Bruges, Belgium was glittering jewel since medieval time and though its commercial activities has largely subsided, its glories can be seen from every corner of its old city, particularly in its rich museums.  The most important museum in Bruges is Groeninge Museum, which boasts some very fine examples of Flemish Primitive paintings, such as those by Jan van Eyck, which present in Bruges was like that of Botticelli in Florence, Italy.

To modern eyes, the elaborately wrought paints by Van Eyck could be too much a good thing - all those endless draperies, mind-boggling intricate patterns and infinite details vying with one another for attention.  Yet, it was an idiom what rendered Van Eyck's oeuvres so remarkable.  His paintings were sumptuous, but these details enhanced, instead of dwarfing the stories and characters.  His paintings were far more than just pageantry.  Rather, he used the rich background as auxiliary means to tell stories, to add meanings and layers, and more importantly, to add significance and status to his saints and donors, etc.  These details were exhaustive but not exhausting.  Together, they formed a very specific and special time and space, somewhat fantastic but really idealized. Van Eyck's colors were simply glorious and one could not praise it highly enough.  His figures might a tad stiff or mannered, but just as those by Botticelli, they didn't mean to be naturalistic.  They were stylized and became immortal in their fixed postures.

I chose the painting below, The Madonna with Canon van der Paele, as one of my very favorite paintings from the Groeninge Museum, Bruges.


Jan van Eyck's The Madonna with Canon van der Paele
Source: ginieland on Wikipedia

For my second favorite from that museum, I chose a copy after Rogier van der Weyden, another giant of the region in 15-16th century.


Copy after Rogier van der Weyden, Saint Luke drawing the Madonna, ca. 1491-1510
Source: Aiwaz.nethttp://www.aiwaz.net/

This painting, a copy after Rogier van der Weyden, showed Saint Luke, the patron saint of artists, drawing portrait of Mary breast feeding Jesus.
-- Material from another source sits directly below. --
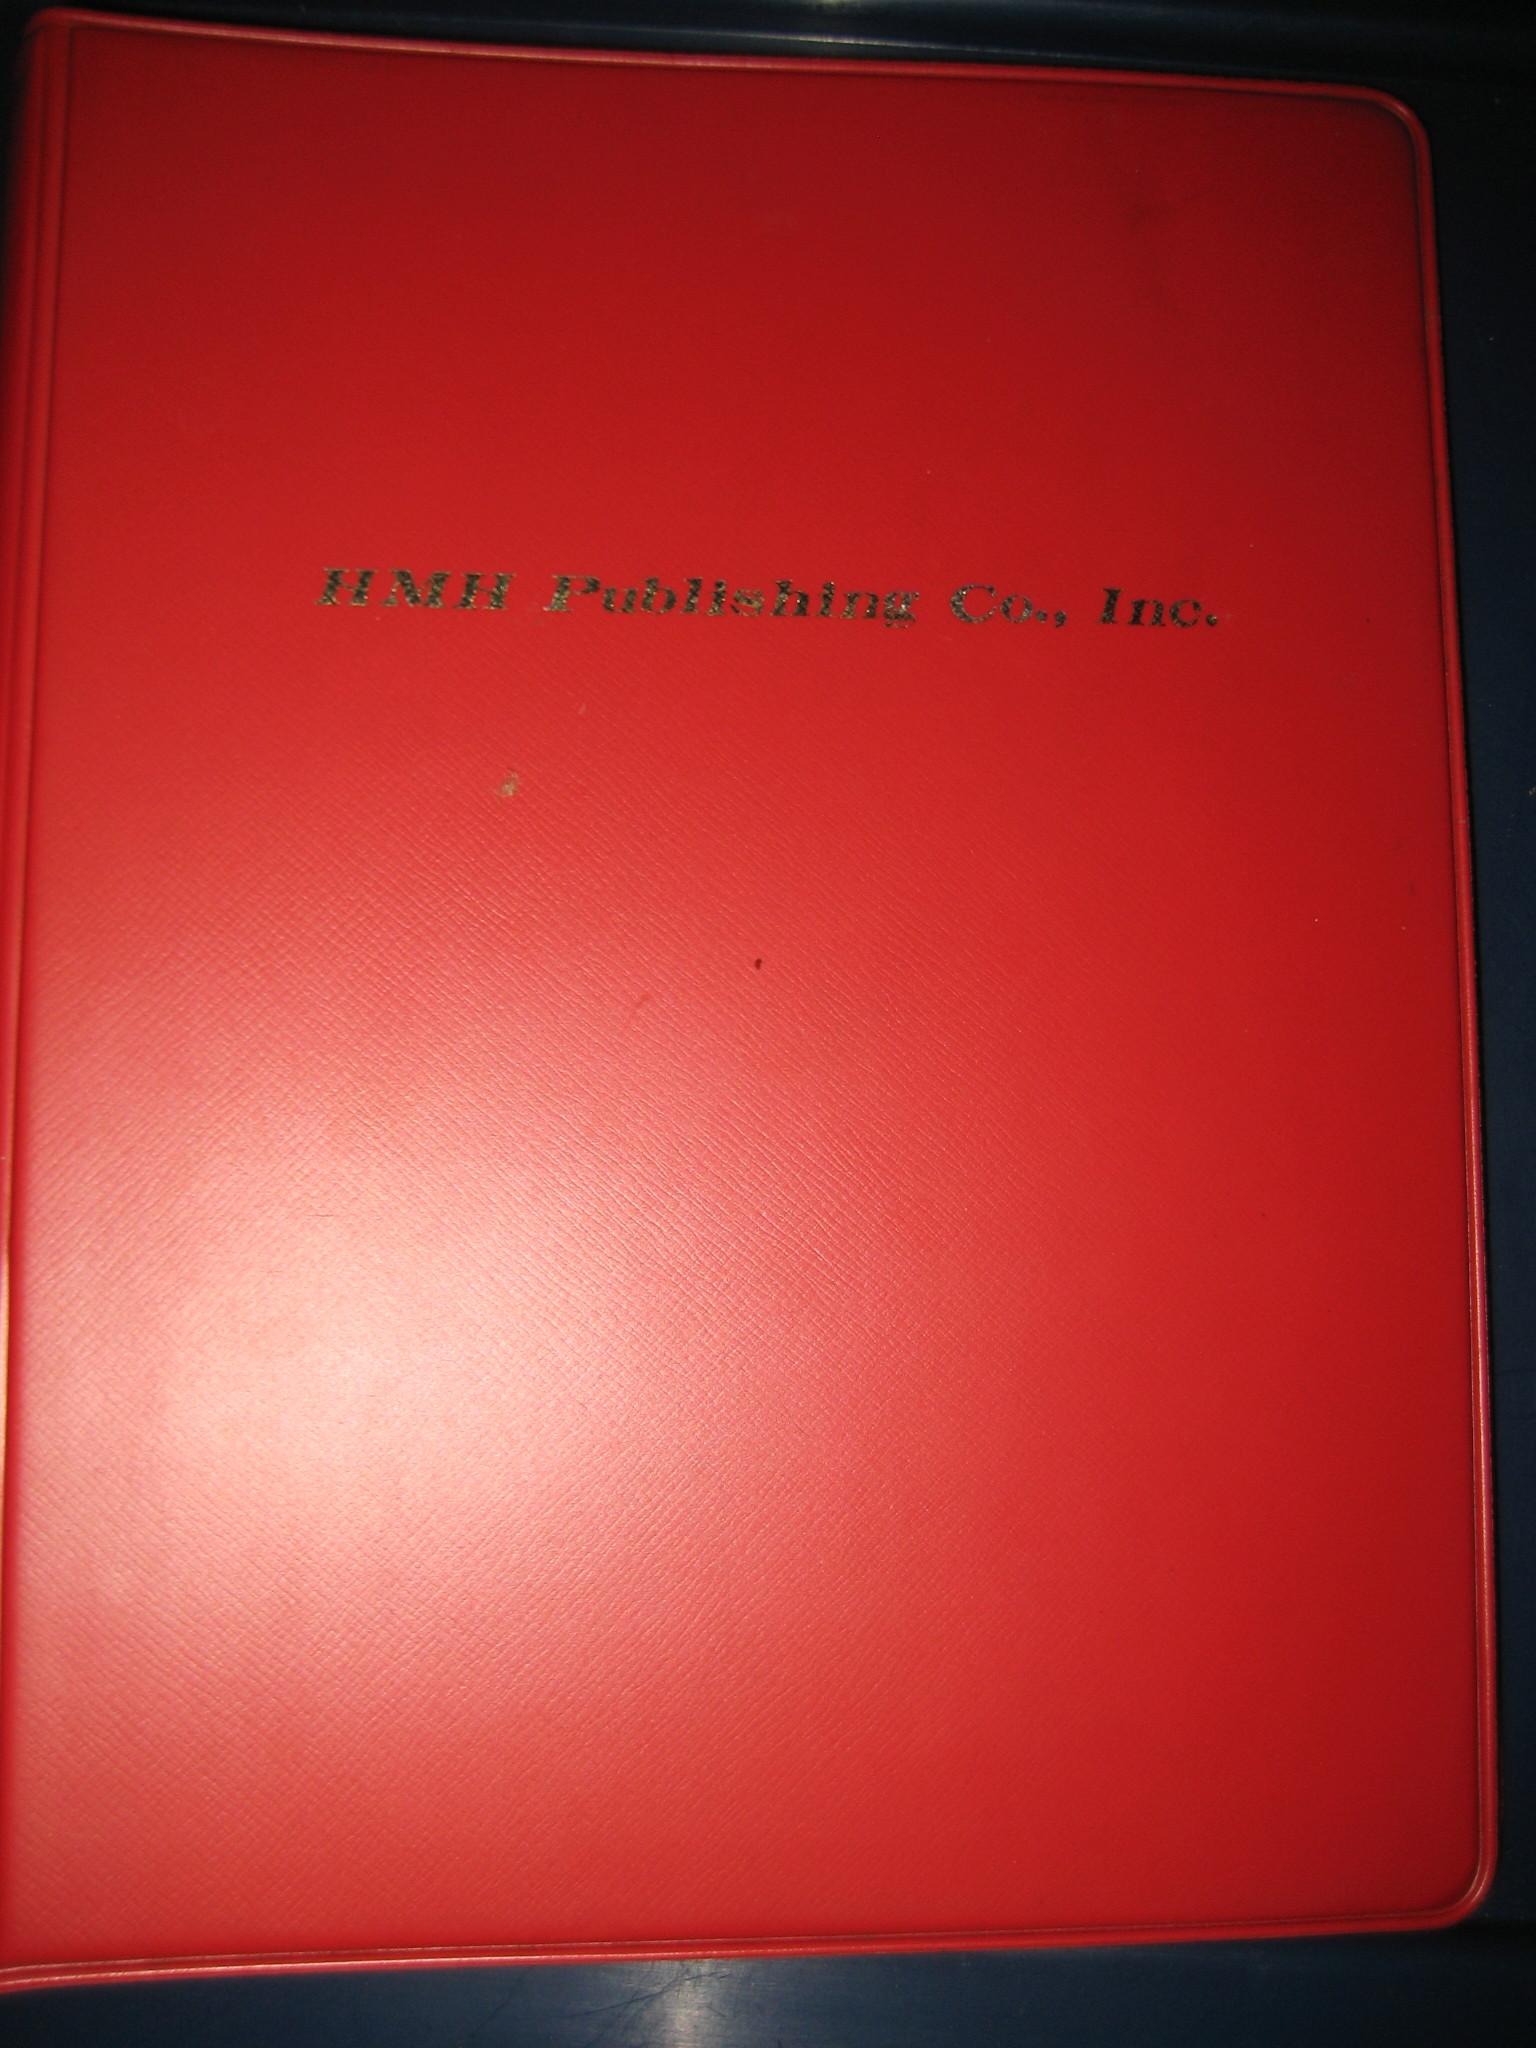 1962 Playboy Employee Handbook

The most striking aspect of this group portrait was the calmness of Mary, under close scrutiny, in a rather intimate and private moment, and the obvious pride and joy on her face, and the intensity on the keenly observant face of Saint Luke.  He obviously took his task seriously and he knew that he was recording a supremely important event for posterity.  To emphasis the status of Mary, Van der Weyden sat her under a brocade canopy, amidst a rather bourgeois interior.

Adding some visual interests were two persons in mid-distance, in typical Flemish dress, surveying a typical Flemish town, tranquil, imperturbable, sharing the same luminosity of the painting itself, a wonderful achievement of Van der Weyden and his copier.
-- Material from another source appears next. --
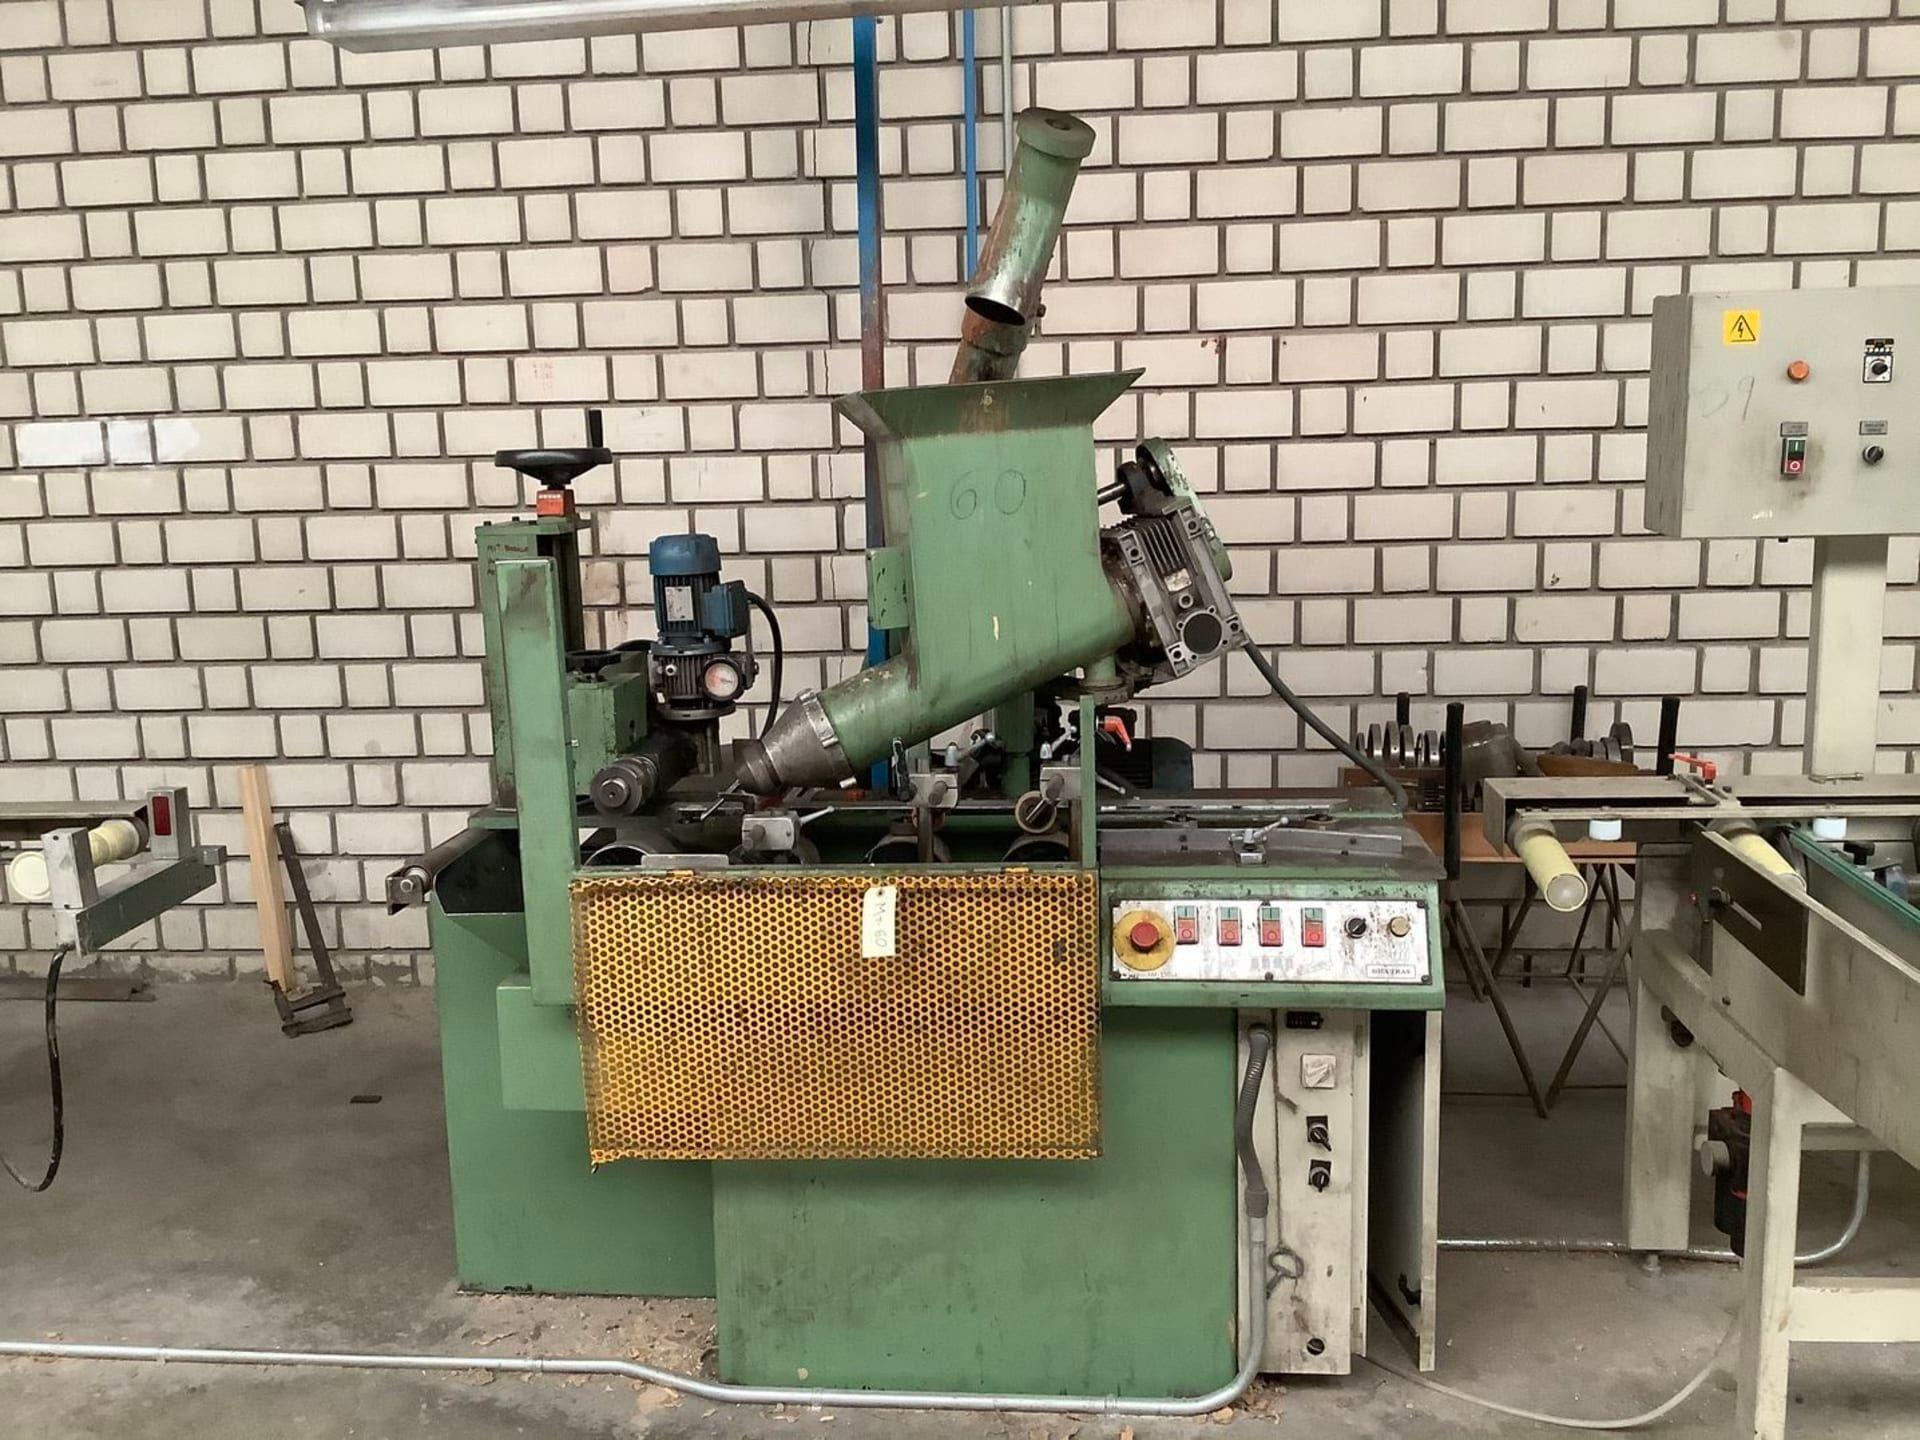 HIGUERAS AM 130 4 Zellstoff-Prägemaschine

According to Flemish Primitives, "the presentation is based on a legend from the 6th Century, in which it is said that Luke paints the portrait of Mary. For this reason, Saint Luke is the guardian saint of painters, and the guilds in which painters united were often named after him. This story is then also a cherished theme as altarpiece for the chapel of the Saint Luke's guild. The painting from which this Bruges work is a copy, is painted by Rogier van der Weyden before 1440. He probably makes it for the chapel of the Brussels Saint Luke's guild, of which he is a member. The original is preserved in the Museum of Fine Arts in Boston. In addition to the Bruges work, there are also two true copies known that are kept in the Alte Pinakothek in Munich and in the Hermitage in St. Petersburg. The Bruges painting is the best in terms of quality of these copies and was probably painted around 1500."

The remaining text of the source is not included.